Without fear, Mr. Jones laid aside his cigarette with care, and gulped such a deep draught of air that he became red in the face and gave other evidences of being about to burst from undue pneumatic pressure.

Kelly viewed with undisguised amusement the undeveloped protuberance thrust forward in pride by the stenographer. “You haven’t the chest expansion of a lizard,” he told him.

Mr. Jones received this deadly insult in the midst of deep bowing. He exploded, and, leaning against a desk, breathed rapidly while the injured look in his eyes attempted to carry that reproof which his speechlessness otherwise forbade.

“If you do that exercise much,” Kelly gloomily predicted, “you are going to relax in a wooden box. Who gave you that stuff? You must have been getting your ideas from the gymnasium of a bug house.”

For obvious reasons Mr. Jones failed to reply.

“There is no sense in the thing.

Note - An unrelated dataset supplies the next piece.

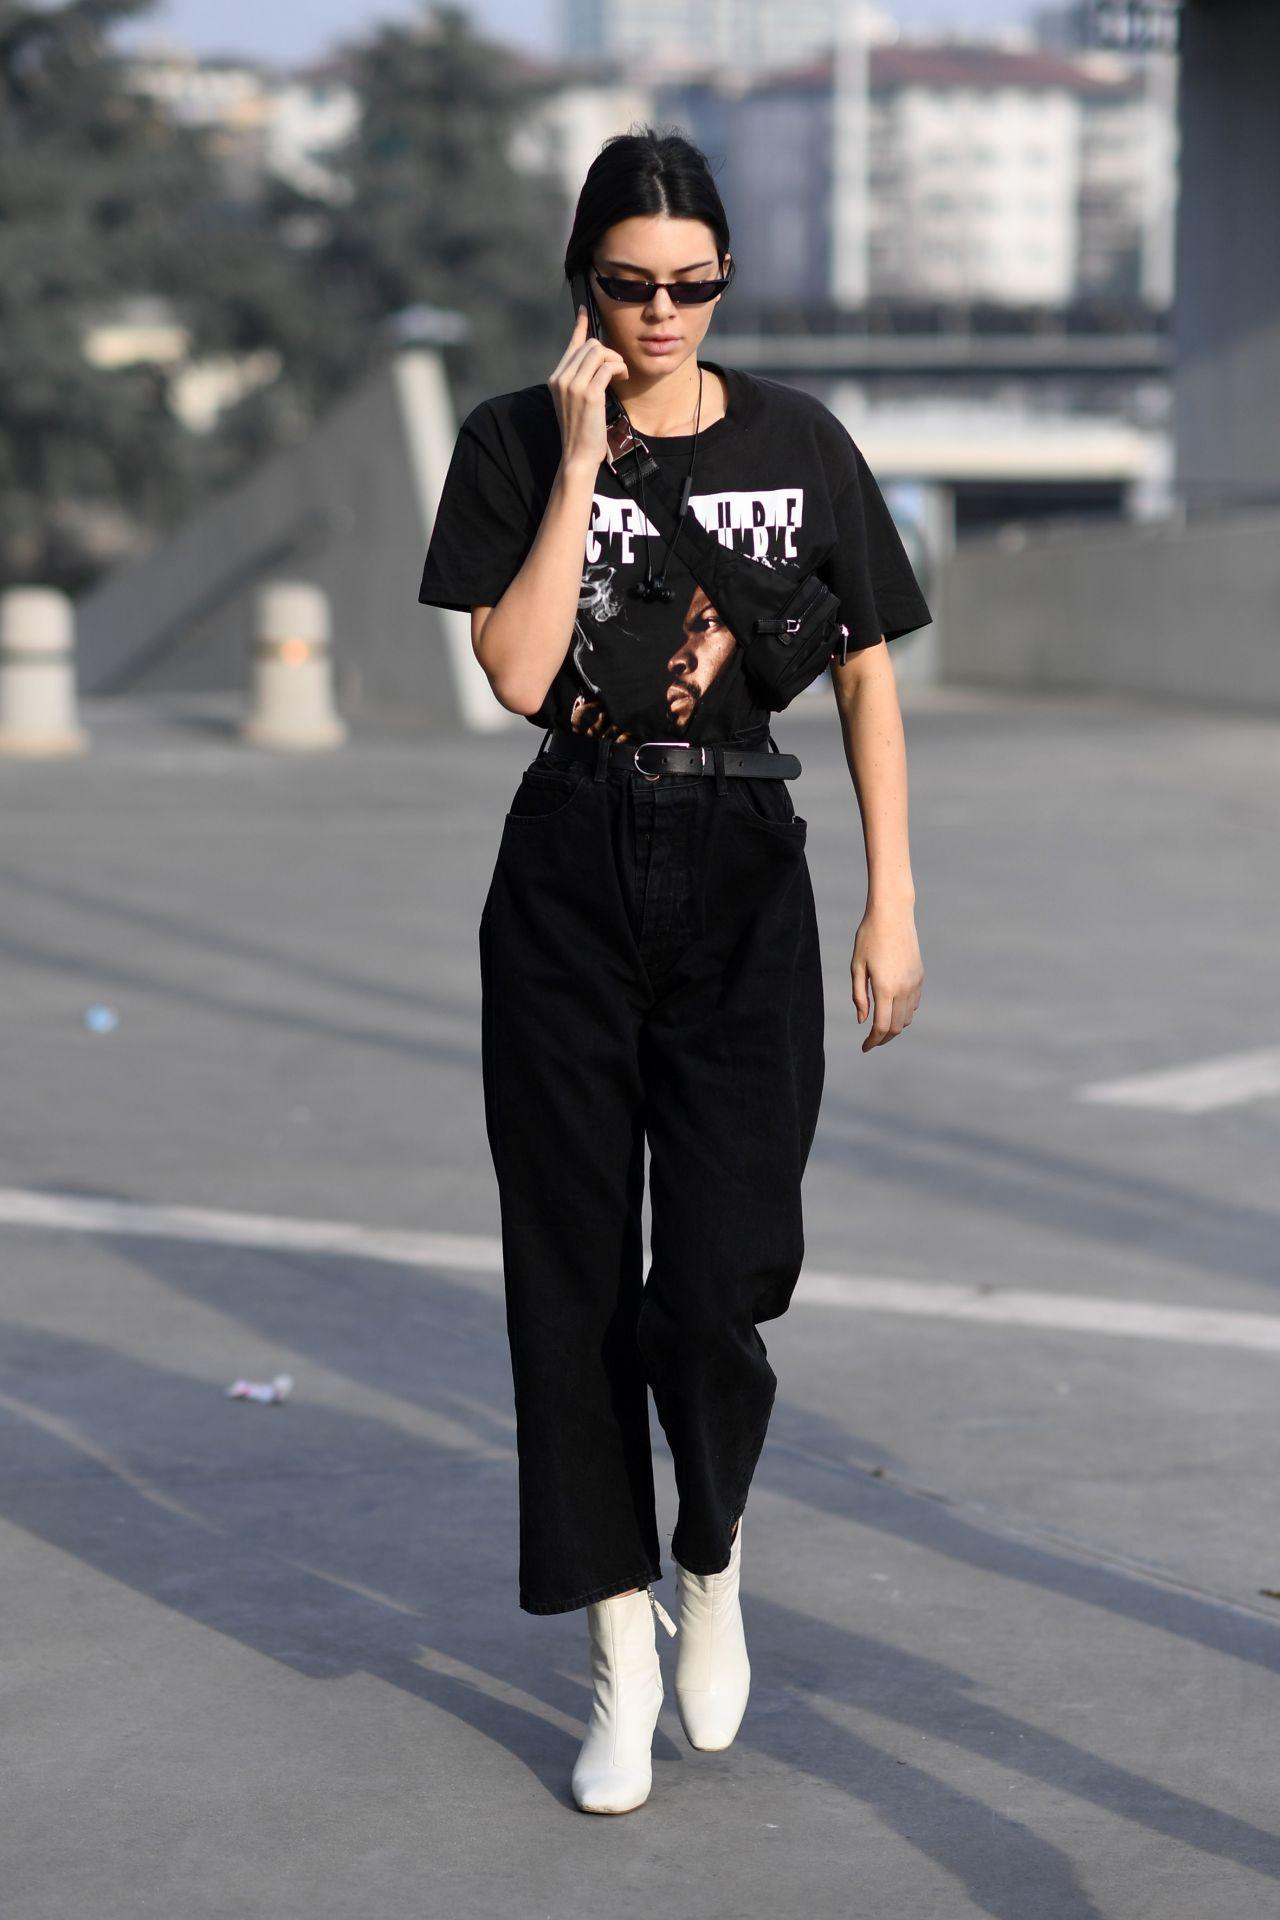 Kendall Jenner At Milan Fashion Week Arrives At Versace Show 2 24 2017

What you need is–” Kelly descended from his perch and seizing him, only that instant recovered from speechlessness, in his strong grasp, made exploratory investigations with his fingers throughout the panting one’s anatomy.

“Ouch,” wailed the pained Mr. Jones.

“Shut up. Do you want the old man out here? I’m not going to hurt you. I want to find out what ails you.”

“Leggo, you are nearly killing me.”

Mr. Jones rubbed himself ruefully when Kelly loosed him. “You big stiff, ain’t you got no sense, gouging around in a fellow’s insides that way? You are liable to put a man out of business,” he protested.